Overtraining is now intentional: for deployed models, training longer on more data reduces inference cost (smaller model, same quality). Chinchilla is compute-optimal at training time, not inference time.

Key Concepts

Loss Predicts Downstream Performance

Both papers show that cross-entropy loss on next-token prediction correlates with downstream task performance. Validated the use of perplexity as a proxy metric during training.
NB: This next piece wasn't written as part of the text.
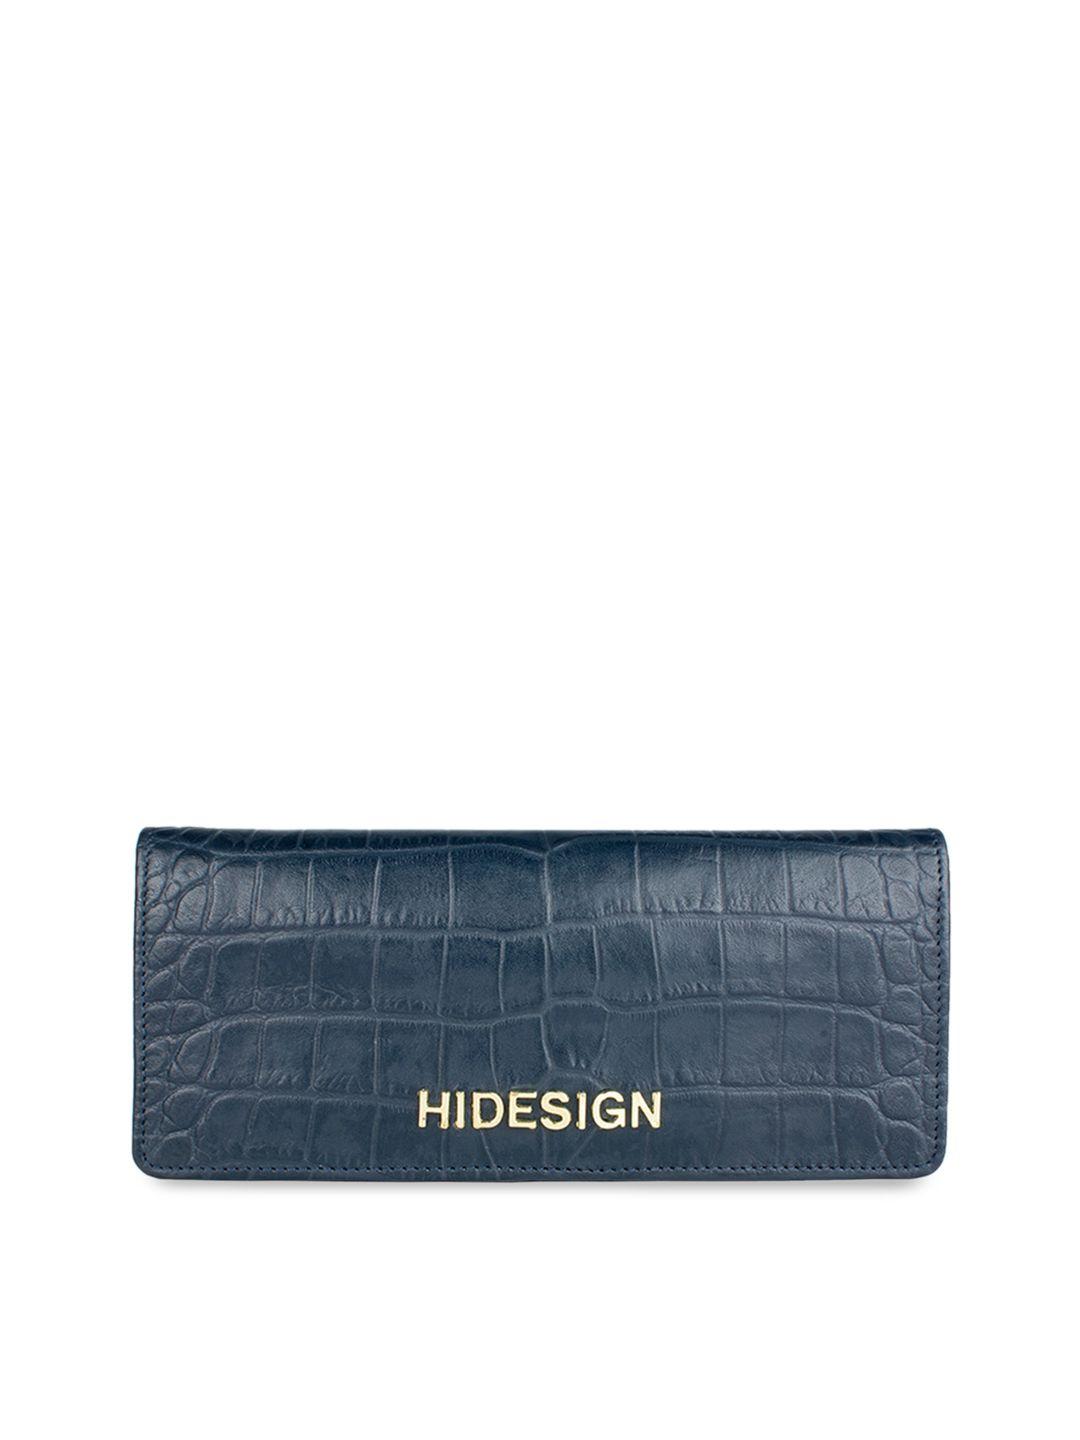 hidesign women blue crocodile skin textured leather two fold wallet

Emergent Capabilities Are Not Predicted by Scaling Laws

Scaling laws predict smooth loss improvements. The emergence of capabilities (CoT reasoning, in-context learning) appears at discrete thresholds. This is not captured by the power law. The relationship between loss and capability is non-linear at specific scales.

Key Facts

Kaplan (2020): model size matters more than data when compute is fixed — WRONG for inference-optimal training
Chinchilla (2022): 20 tokens per parameter for compute-optimal training — the current standard
Chinchilla 70B outperformed Gopher 280B on most benchmarks despite 4× fewer parameters
Post-2022 practice: intentional "overtraining" (more tokens than Chinchilla-optimal) to reduce inference cost
Llama 2 7B: 2T tokens = 285 tokens/param — heavily overtrained vs Chinchilla's 140 tokens/param target

Connections

papers/key-papers · papers/gpt-3 · llms/transformer-architecture · fine-tuning/frameworks · math/optimisation

Open Questions

What claims in this paper have since been challenged or superseded by follow-up work?
What did later research reveal about the limitations of this approach?